▶ Recorded data:
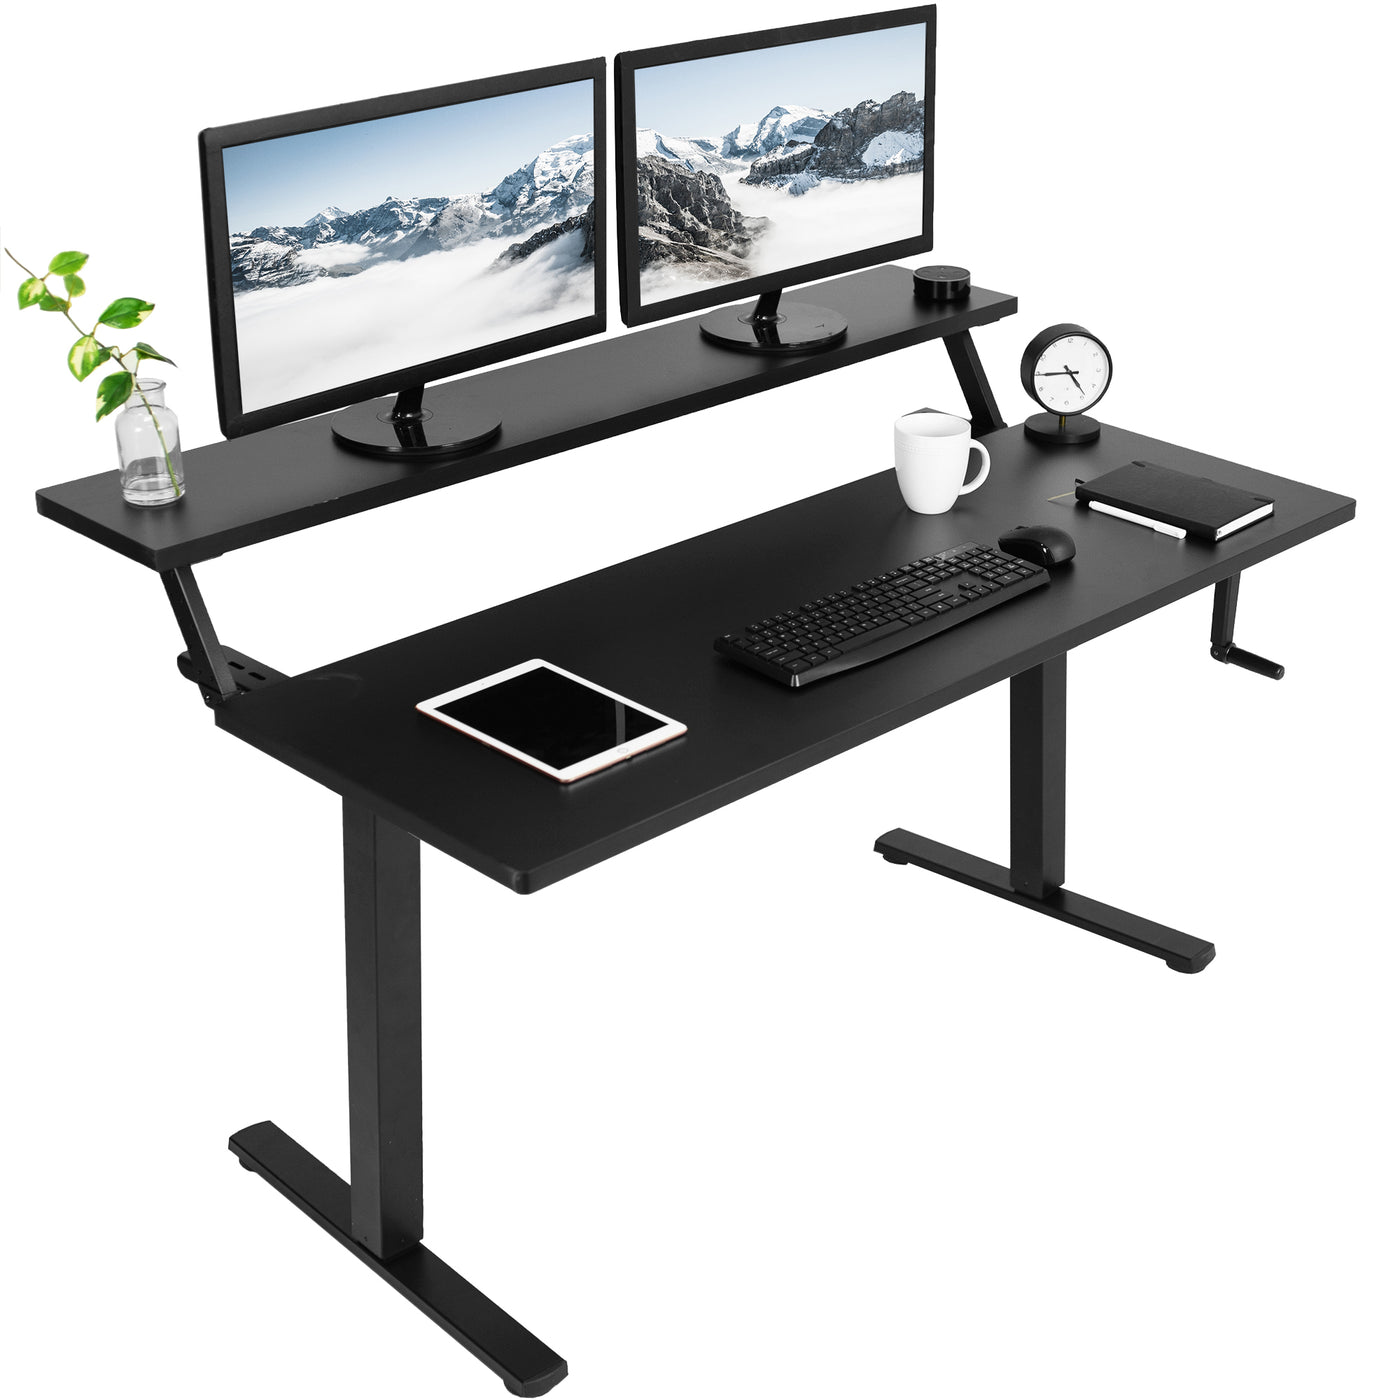  Innovative 2-tier split top design of a modern black height adjustable desk.
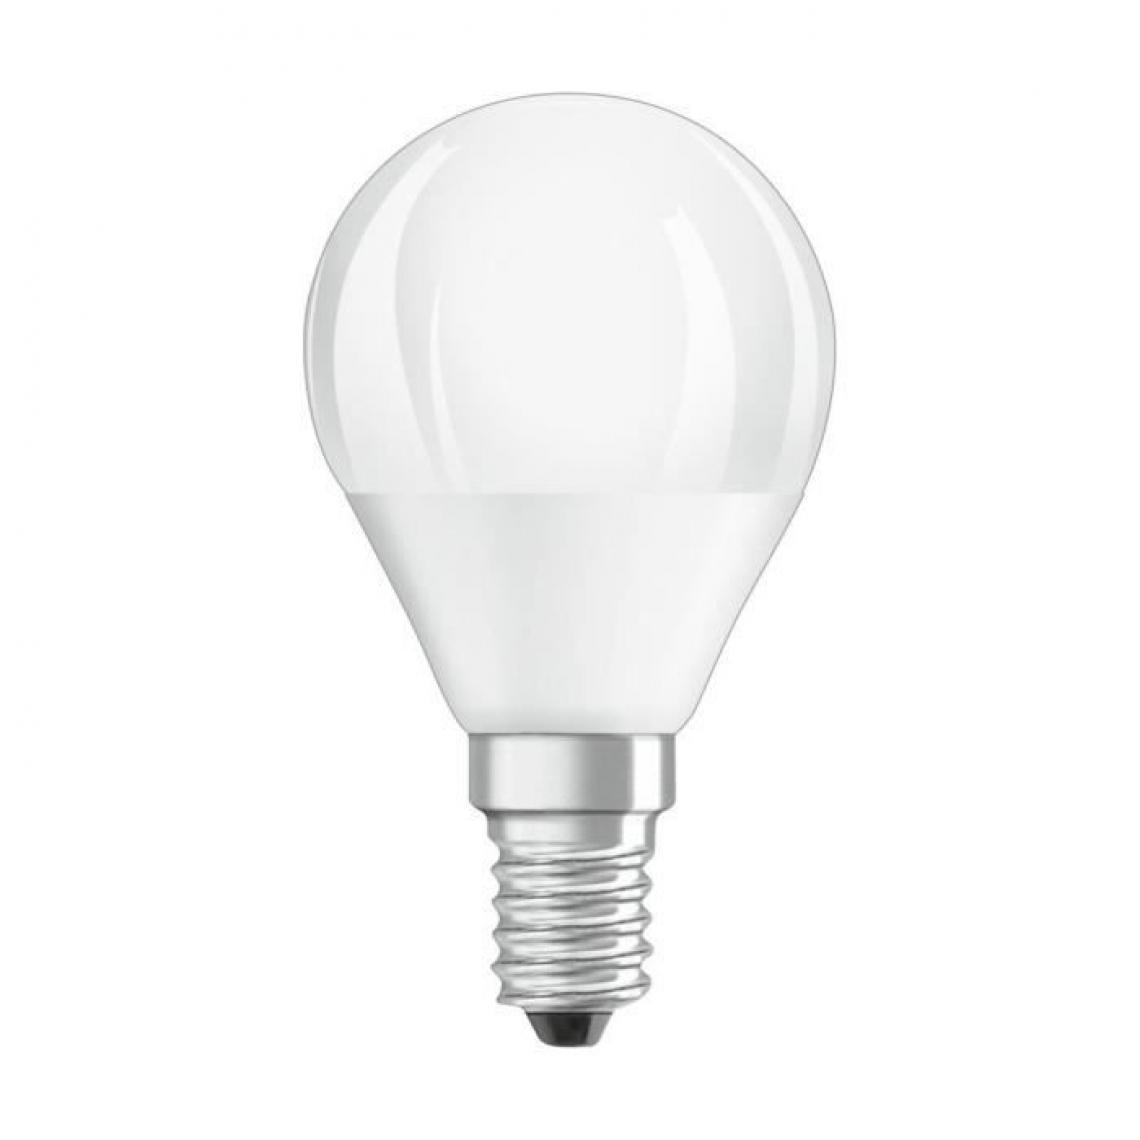 Cstore - BELLALUX Lot de 6 Ampoules LED Sphérique clair filament 5W=40 E14 froid - Ampoules LED
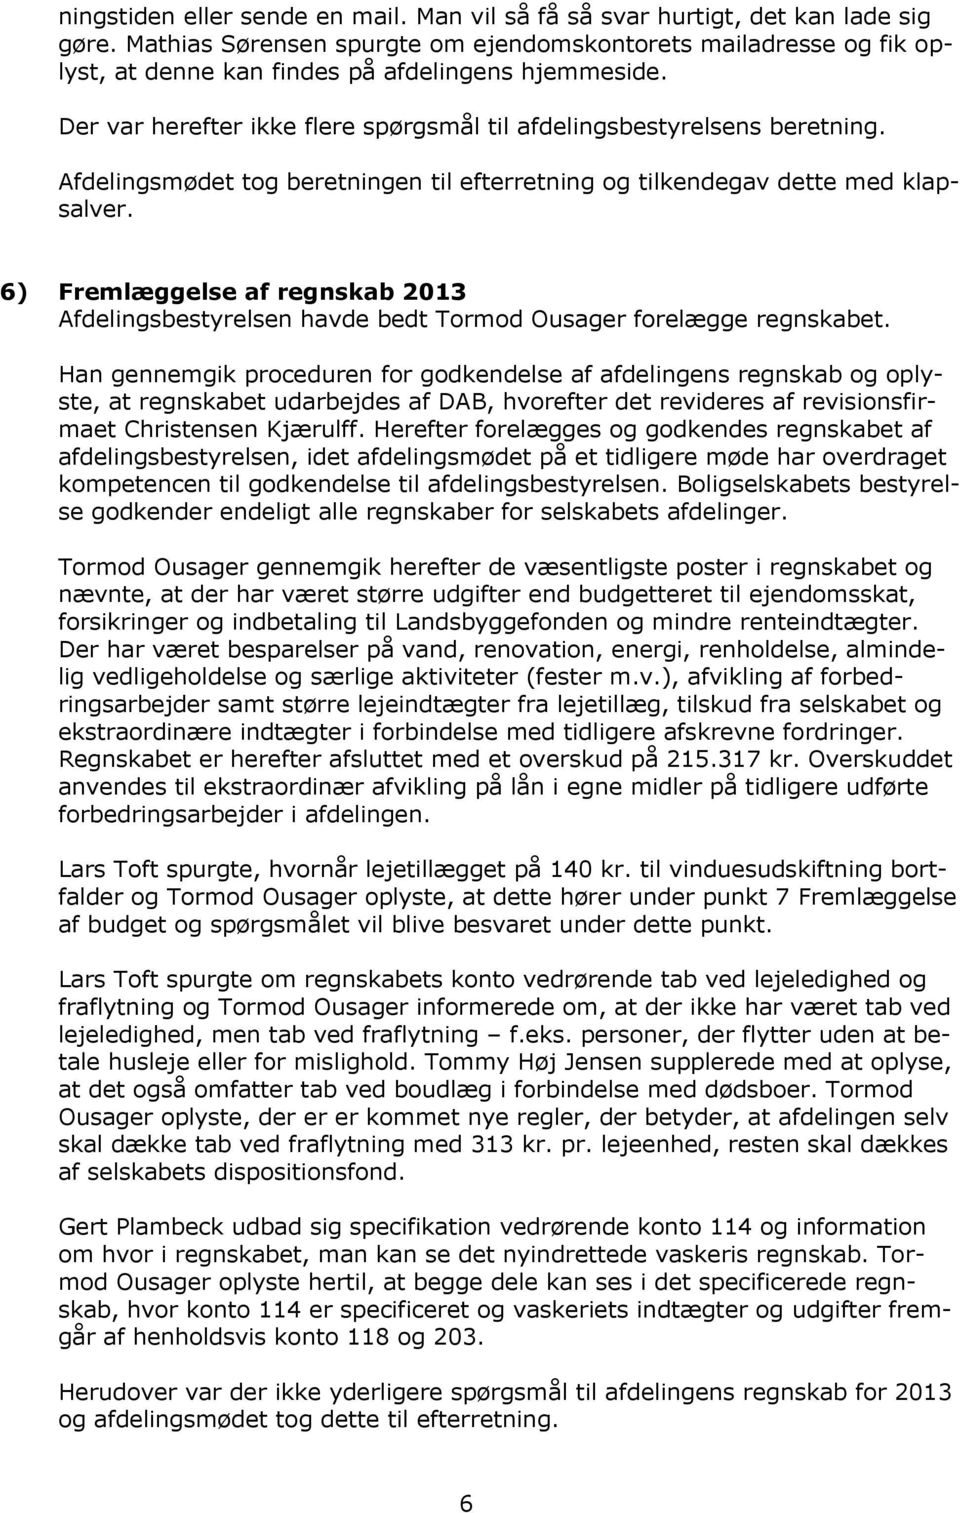 Afdelingsmødet tog beretningen til efterretning og tilkendegav dette med klapsalver. 6) Fremlæggelse af regnskab 2013 Afdelingsbestyrelsen havde bedt Tormod Ousager forelægge regnskabet.
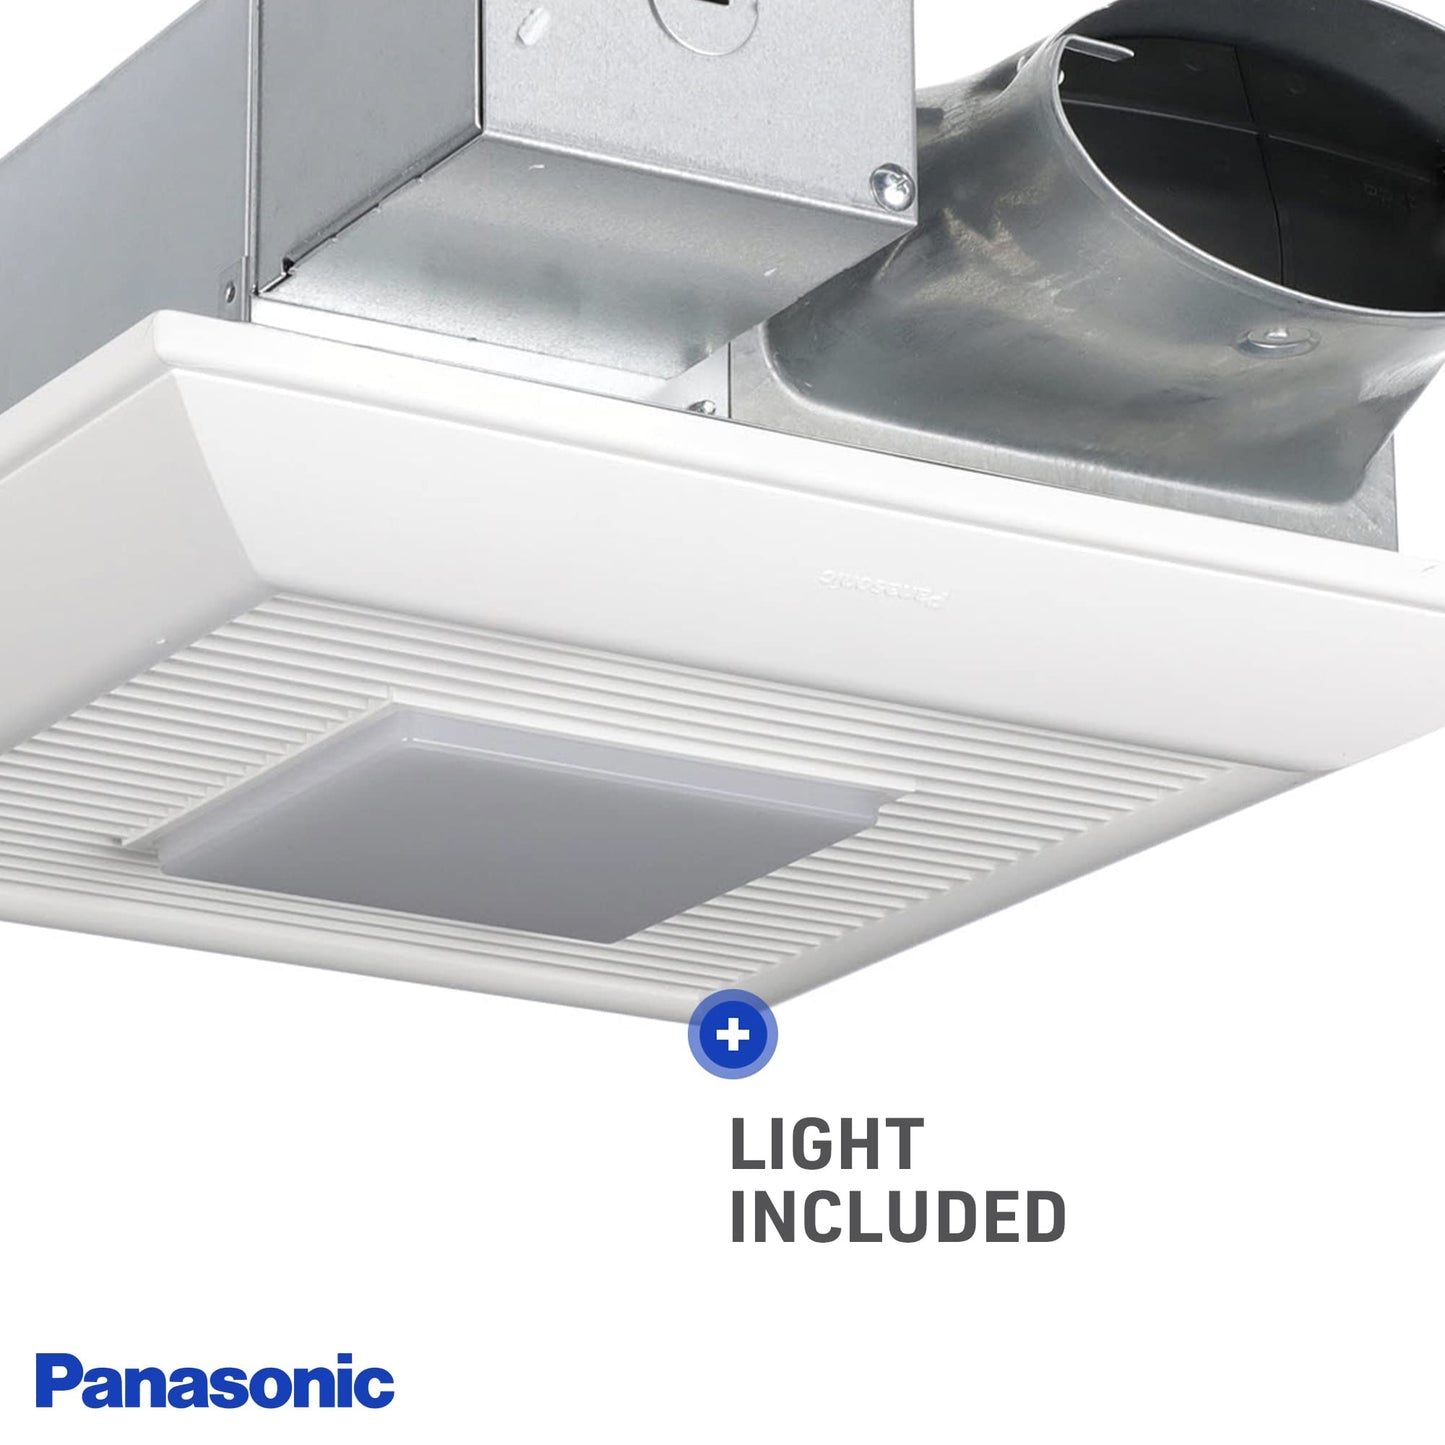 Panasonic FV-0510VSL1 WhisperValue DC Ventilation Fan - Energy-Saving Bathroom Fan with LED Light - 50-80-100 CFM

▶ Required work: Line by line, return the listing above exactly, dropping every picture.

▶ Response to the exercise:
  Innovative 2-tier split top design of a modern black height adjustable desk.
 Cstore - BELLALUX Lot de 6 Ampoules LED Sphérique clair filament 5W=40 E14 froid - Ampoules LED
 Afdelingsmødet tog beretningen til efterretning og tilkendegav dette med klapsalver. 6) Fremlæggelse af regnskab 2013 Afdelingsbestyrelsen havde bedt Tormod Ousager forelægge regnskabet.
 Panasonic FV-0510VSL1 WhisperValue DC Ventilation Fan - Energy-Saving Bathroom Fan with LED Light - 50-80-100 CFM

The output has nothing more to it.